■ INFORMATION SUPPLIED ■
▬▬▬▬▬▬
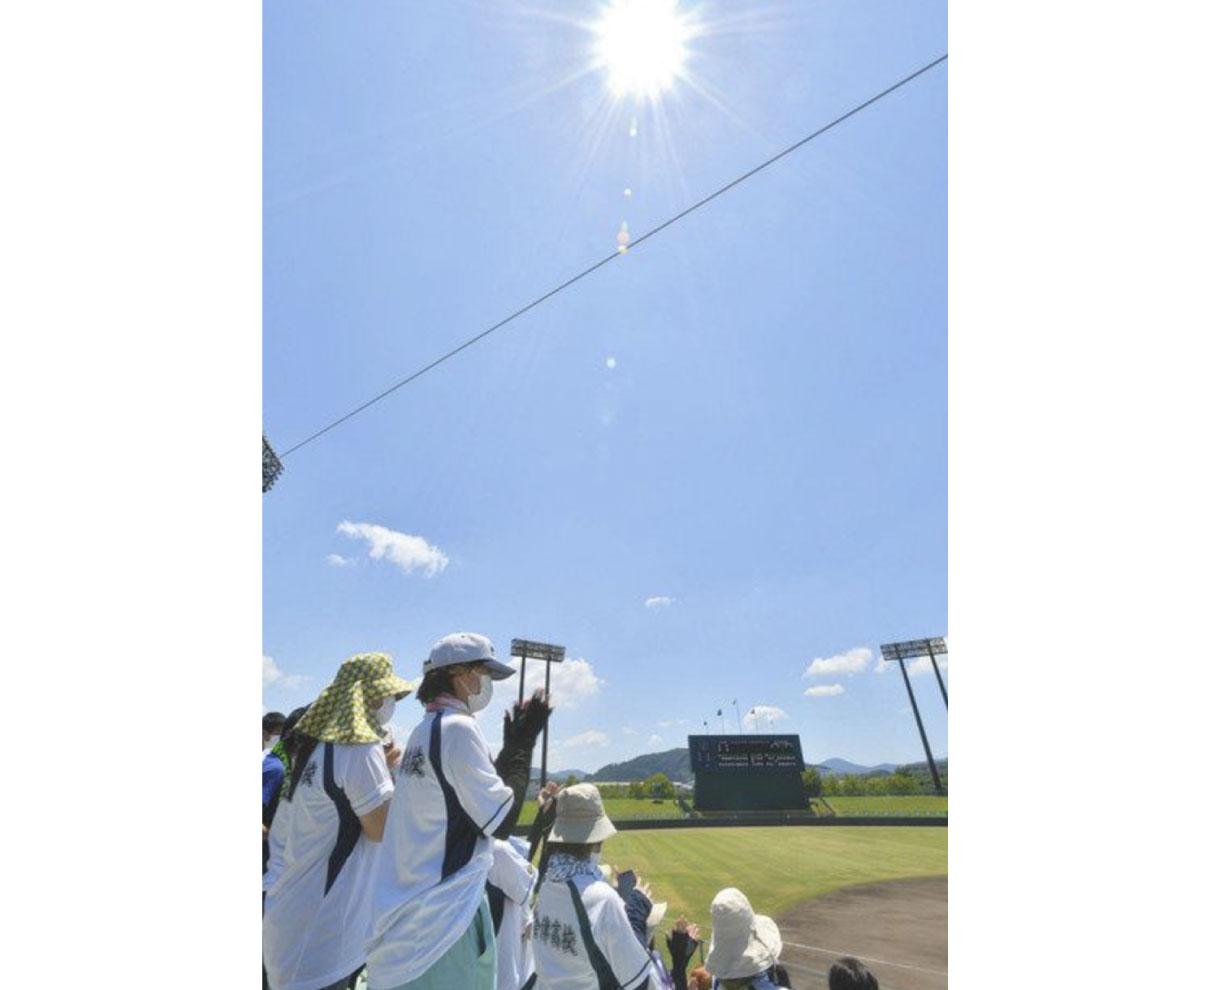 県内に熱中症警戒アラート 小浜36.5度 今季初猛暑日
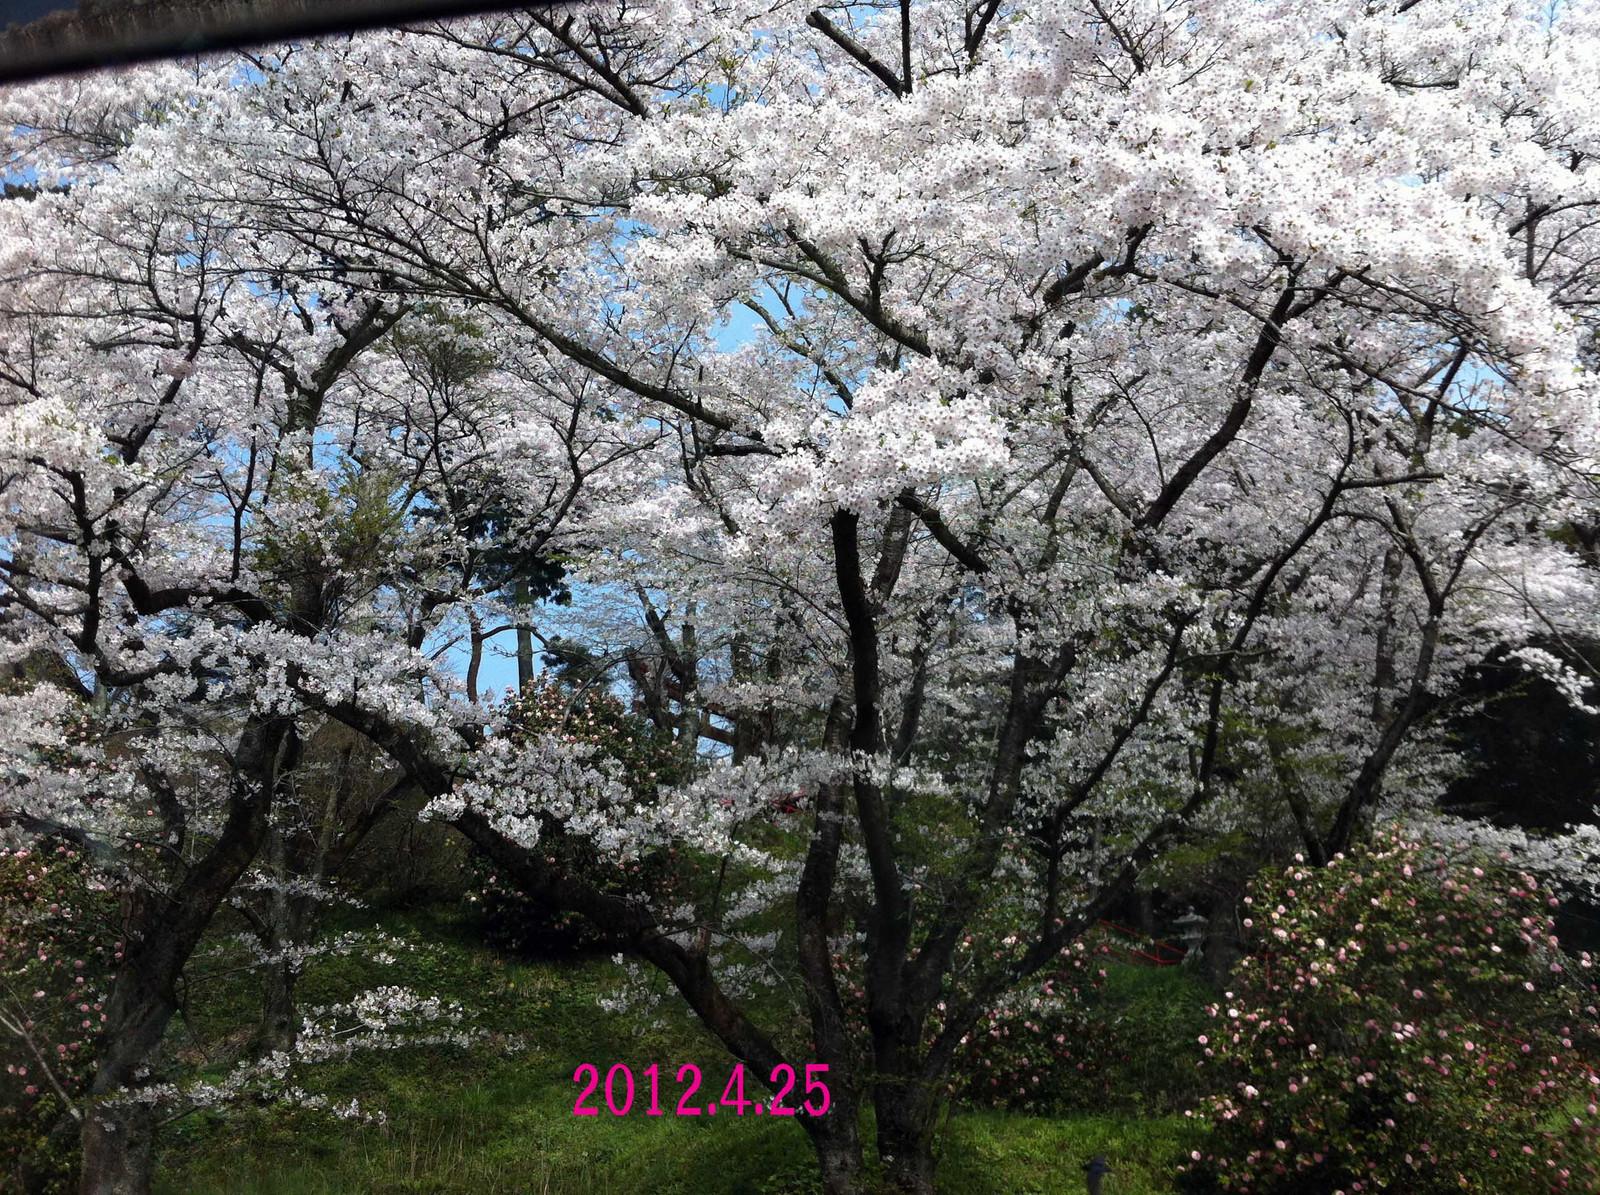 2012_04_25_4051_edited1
▬▬▬▬▬▬
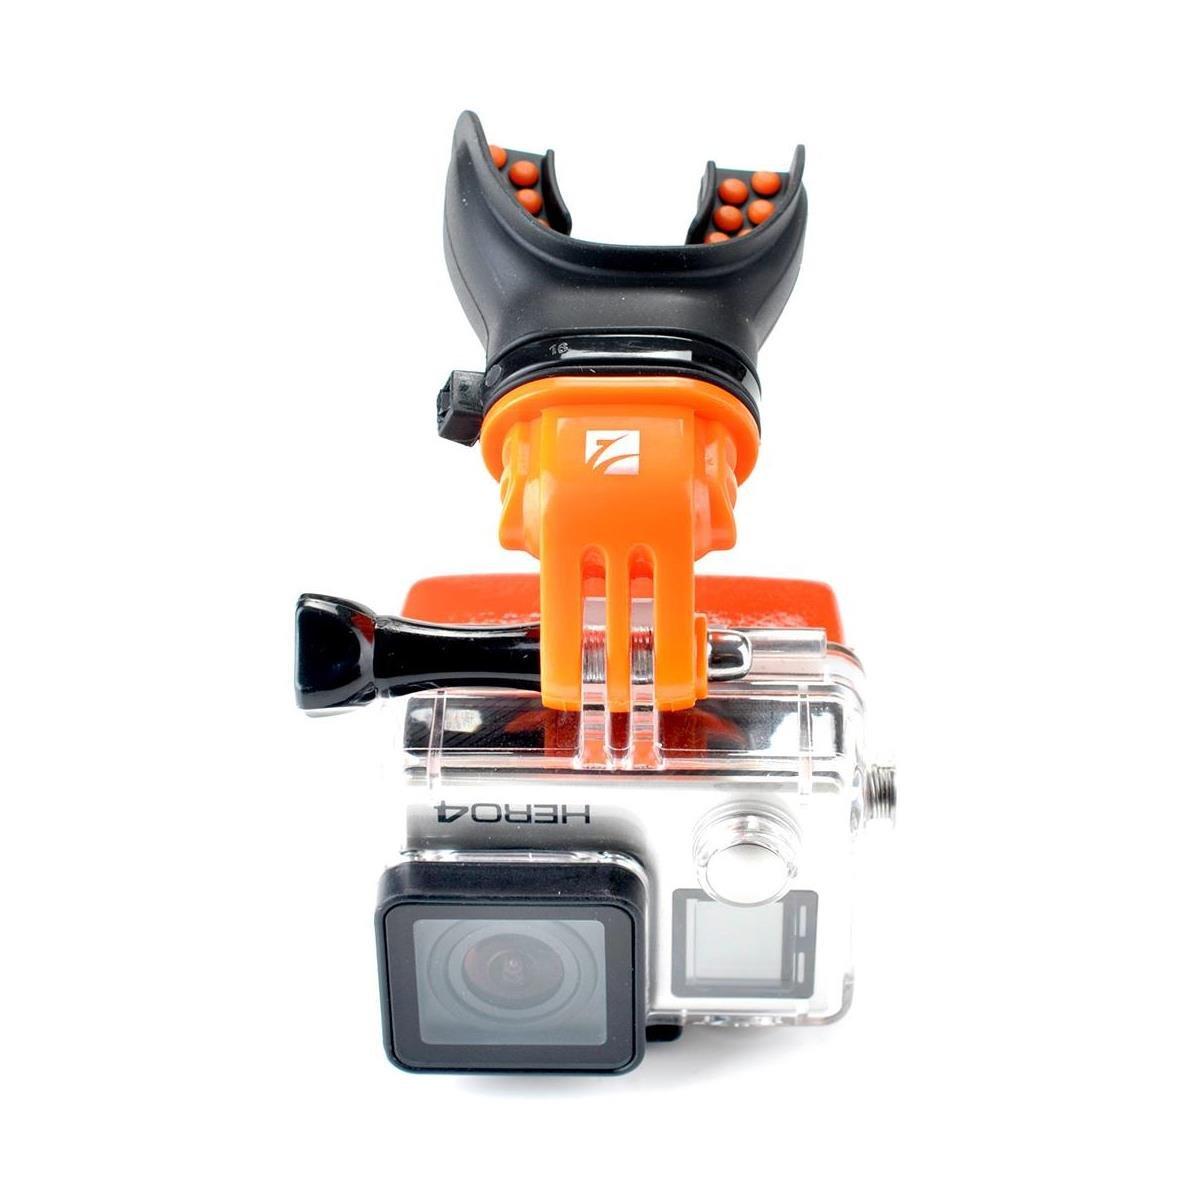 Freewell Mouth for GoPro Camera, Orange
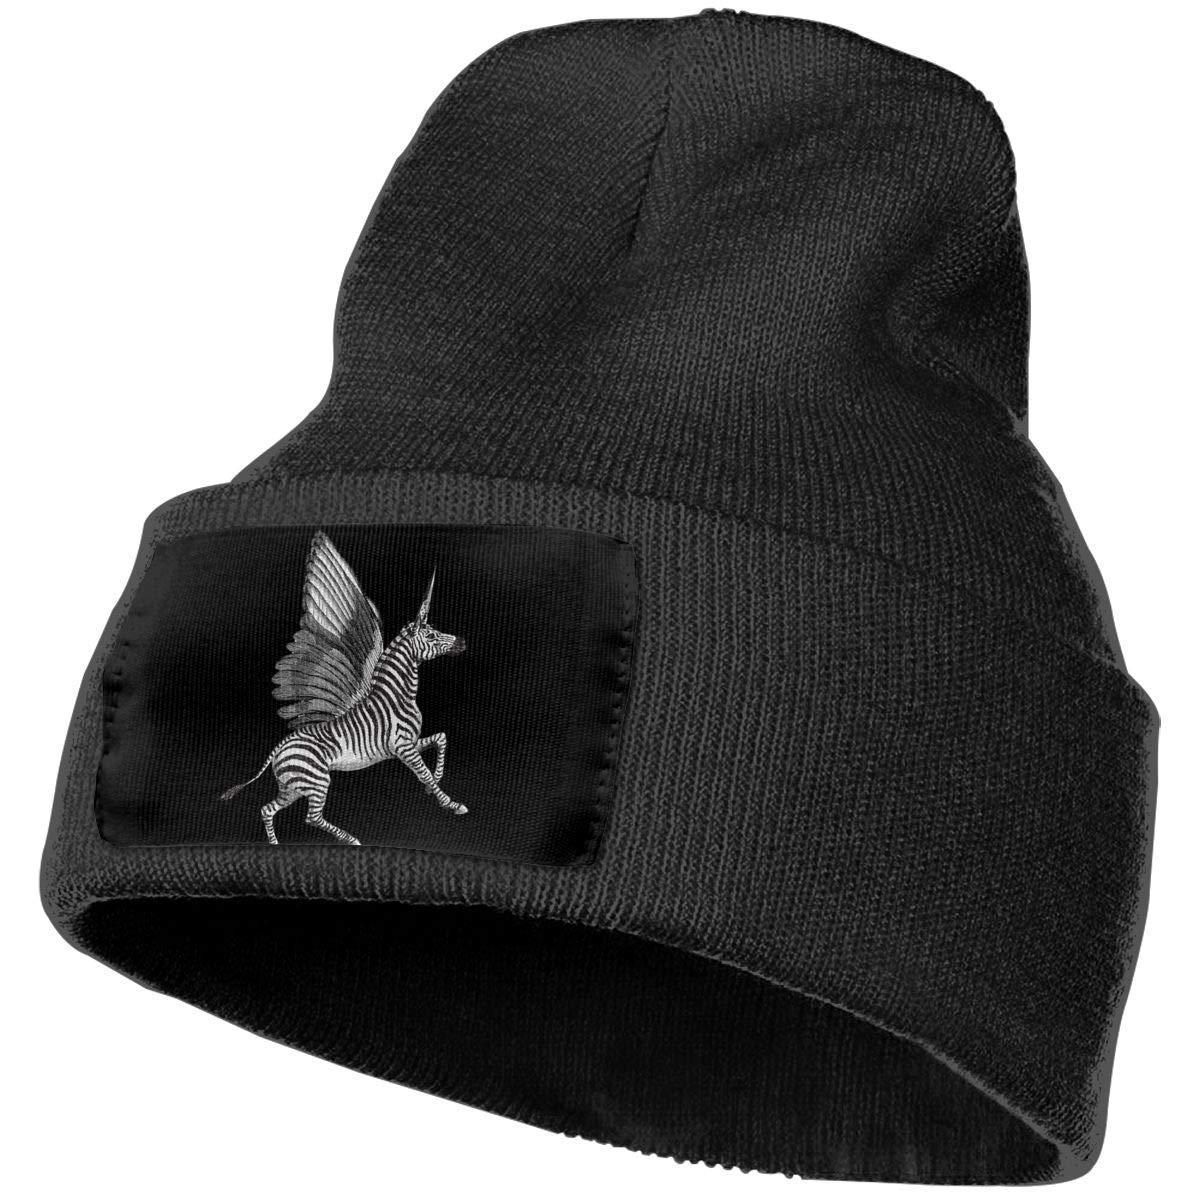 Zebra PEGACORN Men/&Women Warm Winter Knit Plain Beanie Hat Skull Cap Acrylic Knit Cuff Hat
▬▬▬▬▬▬
■ WHAT IS EXPECTED ■
Print an exact copy of the lines above, from the one containing "県内に熱中症警戒アラート 小浜36.5度 今季初猛暑日" through the one containing "2012_04_25_4051_edited1", and leave out the pictures.

■ TASK OUTPUT ■
 県内に熱中症警戒アラート 小浜36.5度 今季初猛暑日
 2012_04_25_4051_edited1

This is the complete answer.